-- Opening Marker --

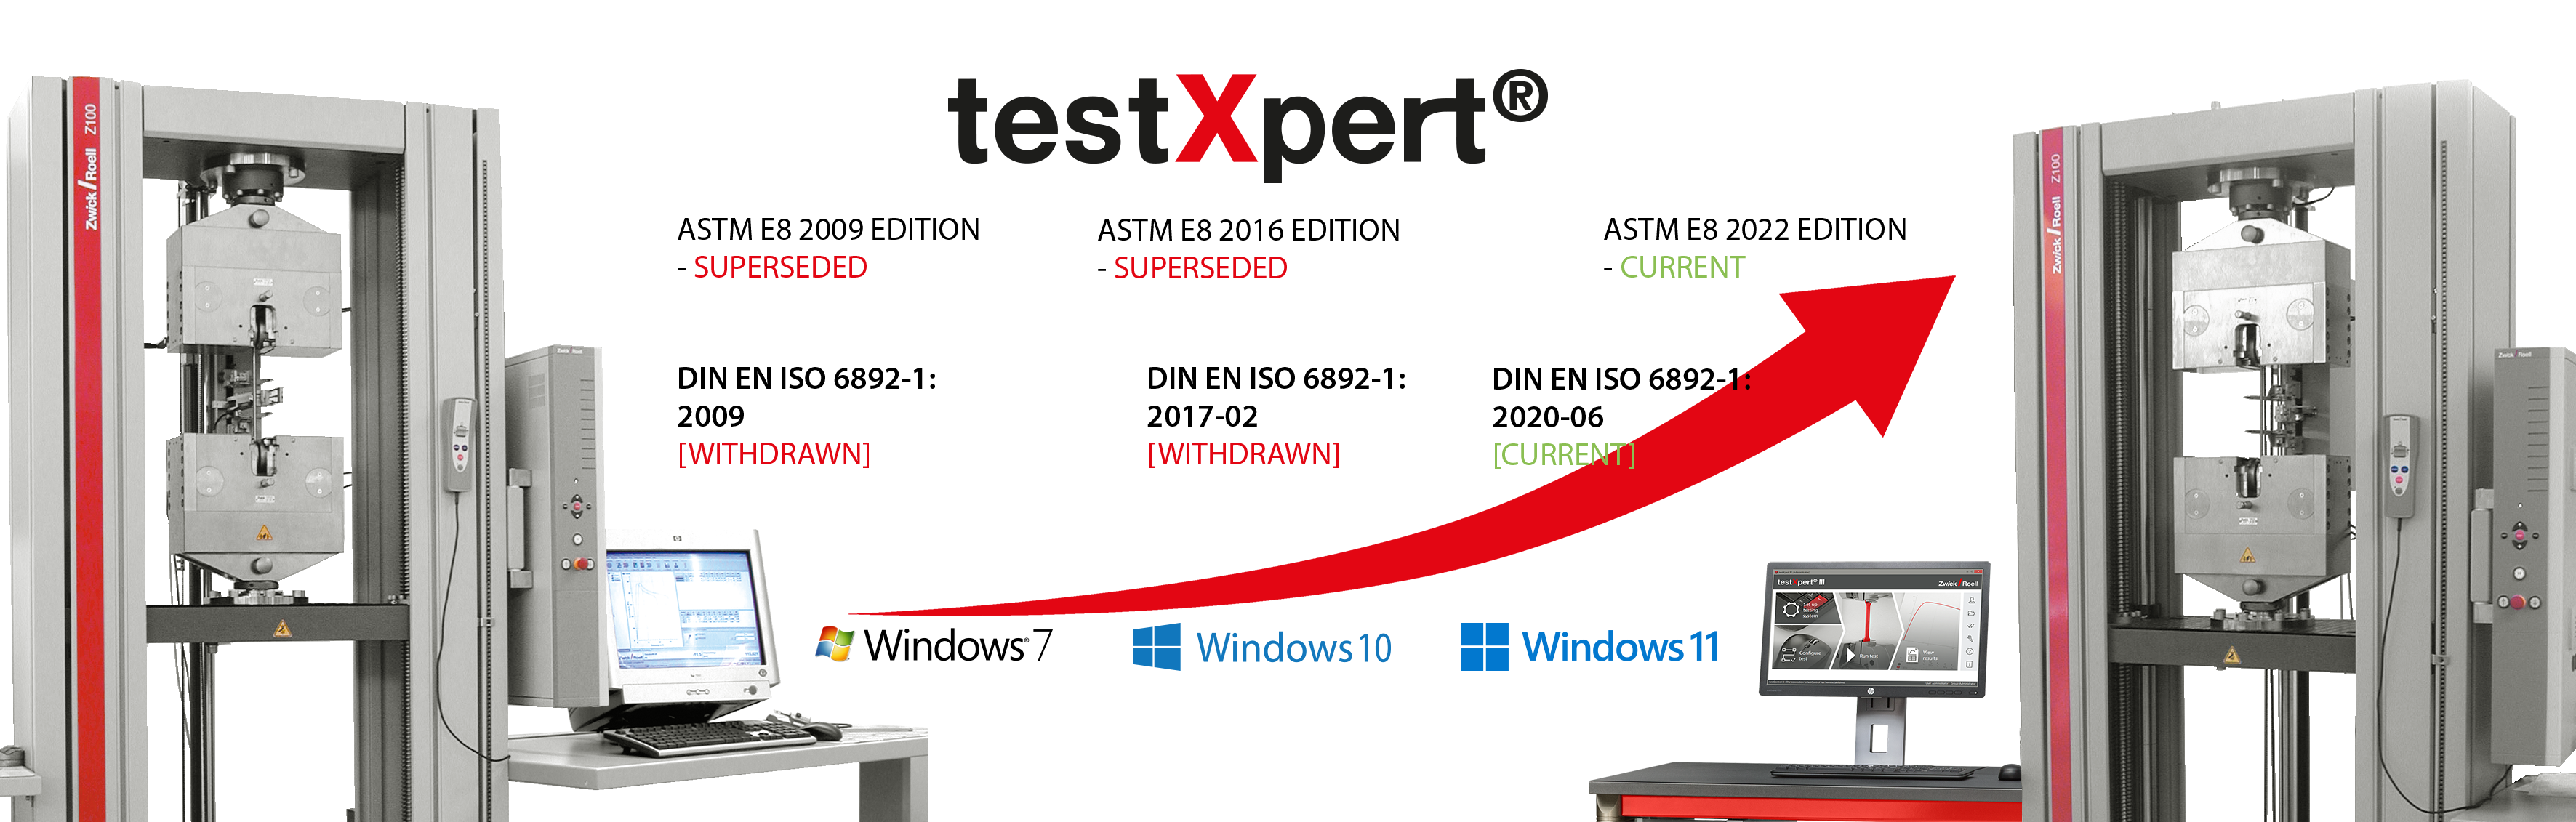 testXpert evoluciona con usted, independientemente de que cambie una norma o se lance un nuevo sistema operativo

-- Closing Marker --
-- Opening Marker --

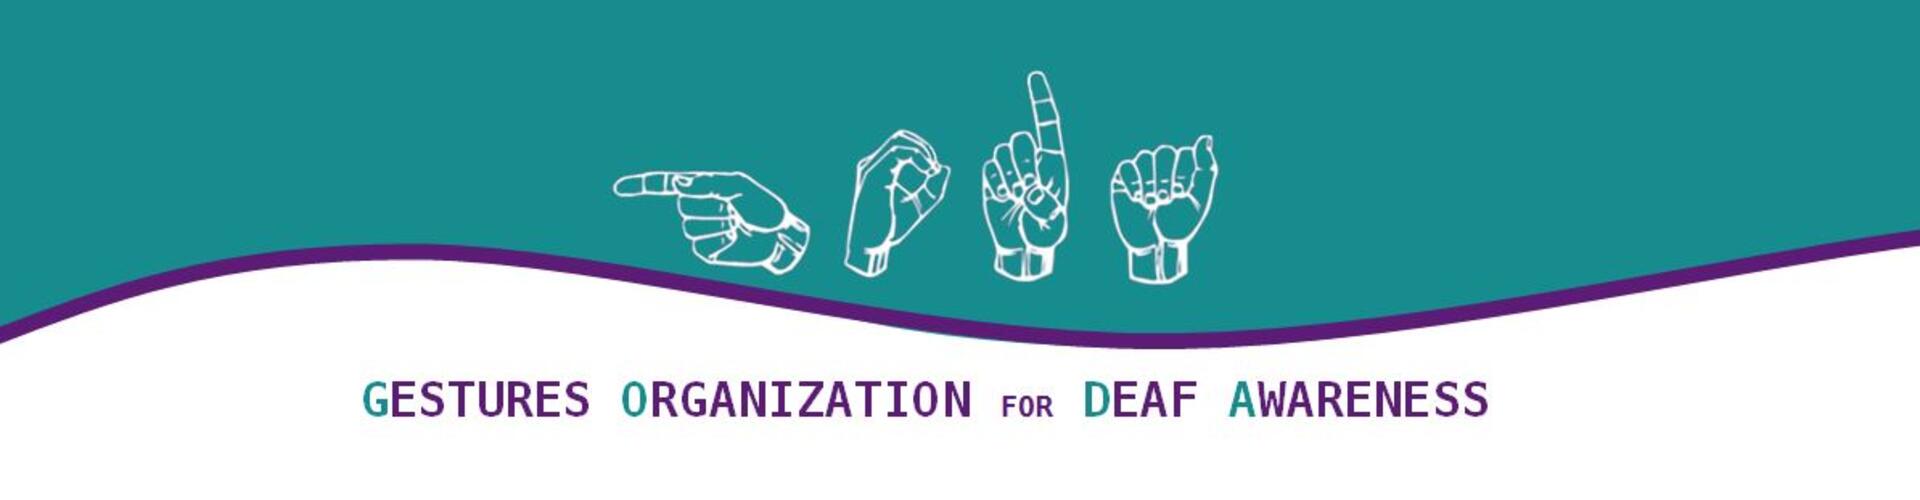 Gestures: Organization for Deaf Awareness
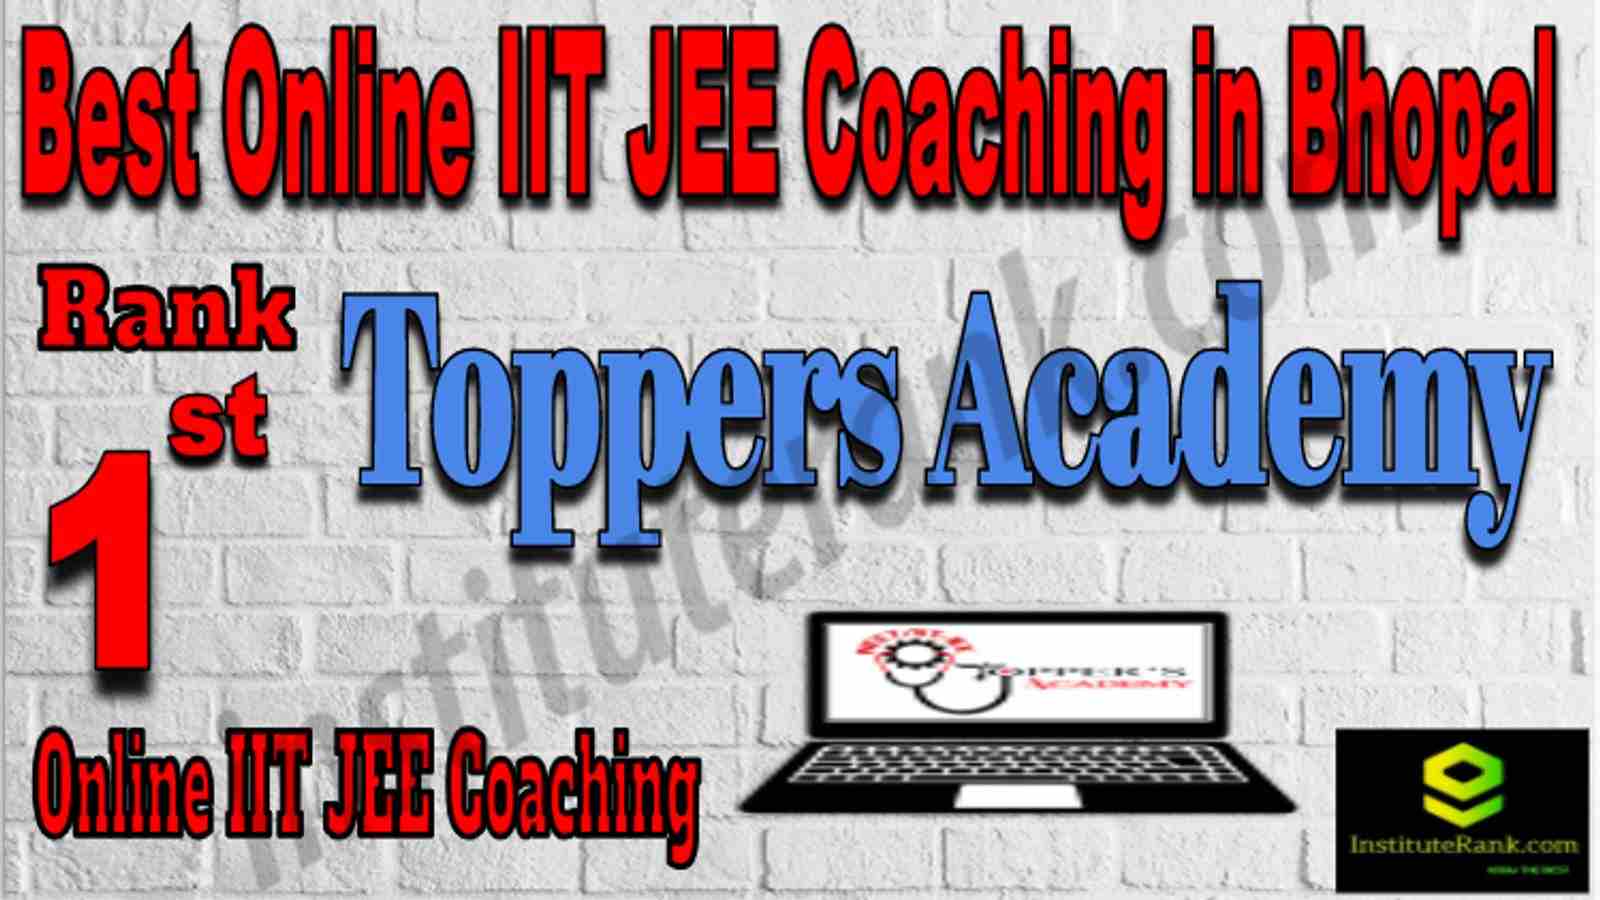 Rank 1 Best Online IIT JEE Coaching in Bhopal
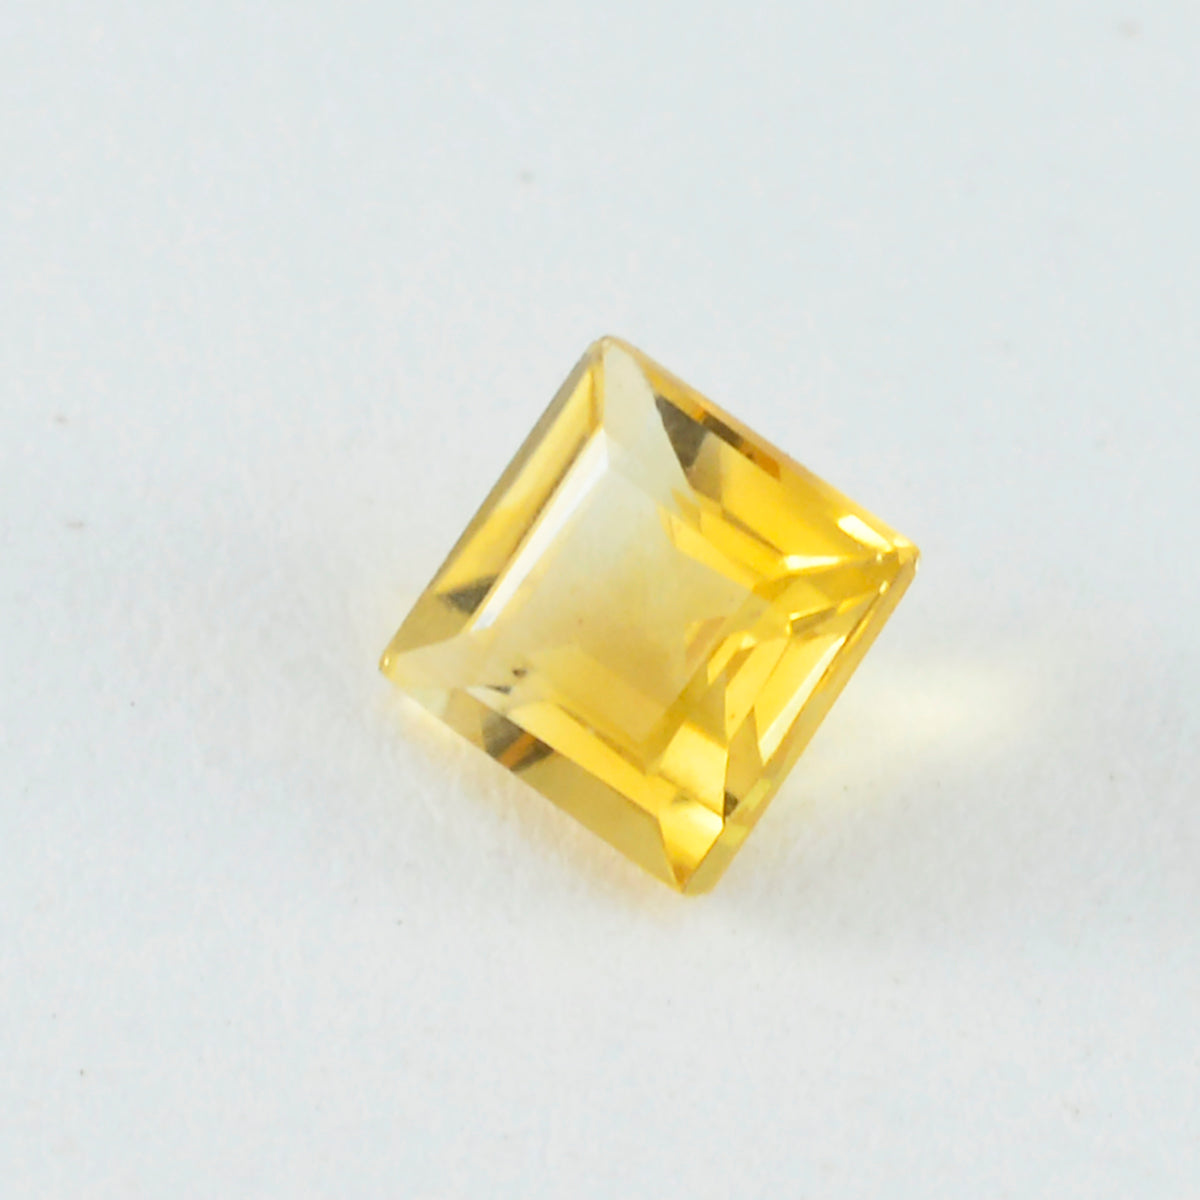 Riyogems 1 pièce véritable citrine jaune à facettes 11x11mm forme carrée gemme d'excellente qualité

-- Closing Marker --
-- Opening Marker --

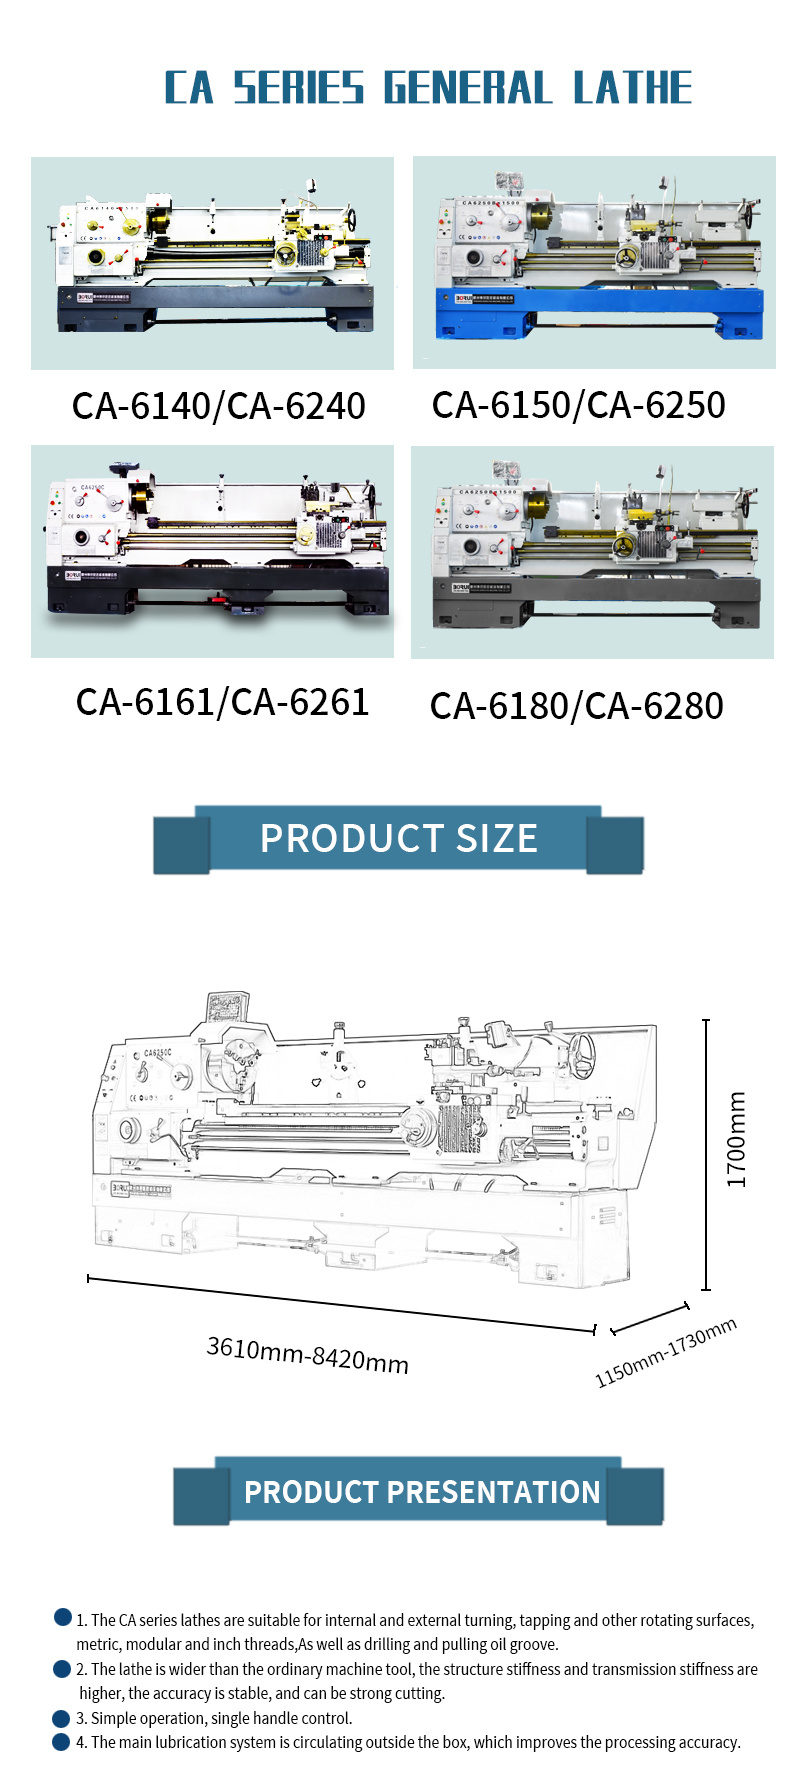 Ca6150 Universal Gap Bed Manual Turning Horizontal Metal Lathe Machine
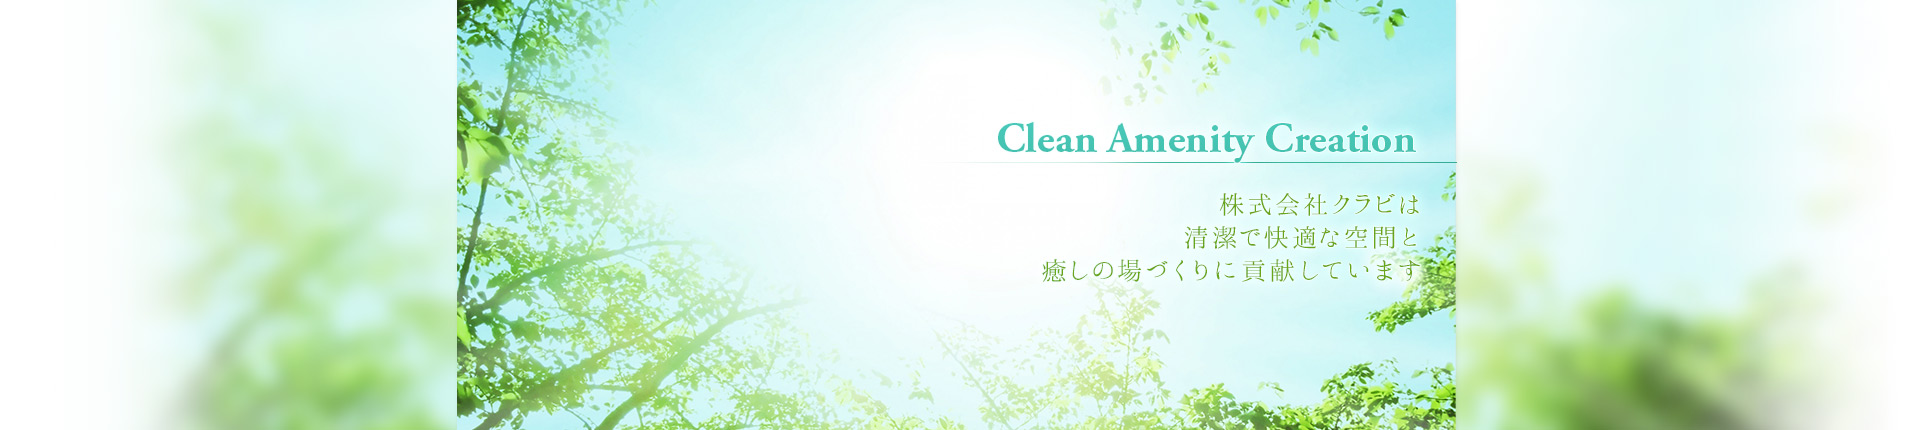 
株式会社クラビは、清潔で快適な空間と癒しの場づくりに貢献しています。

-- Closing Marker --

** TRY IT **
In the data above, retype only the stretch from the line with "Rank 1 Best" through the line with "Riyogems 1 pièce", word for word, and skip any pictures.

** EXPECTED OUTPUT **
 Rank 1 Best Online IIT JEE Coaching in Bhopal
 Riyogems 1 pièce véritable citrine jaune à facettes 11x11mm forme carrée gemme d'excellente qualité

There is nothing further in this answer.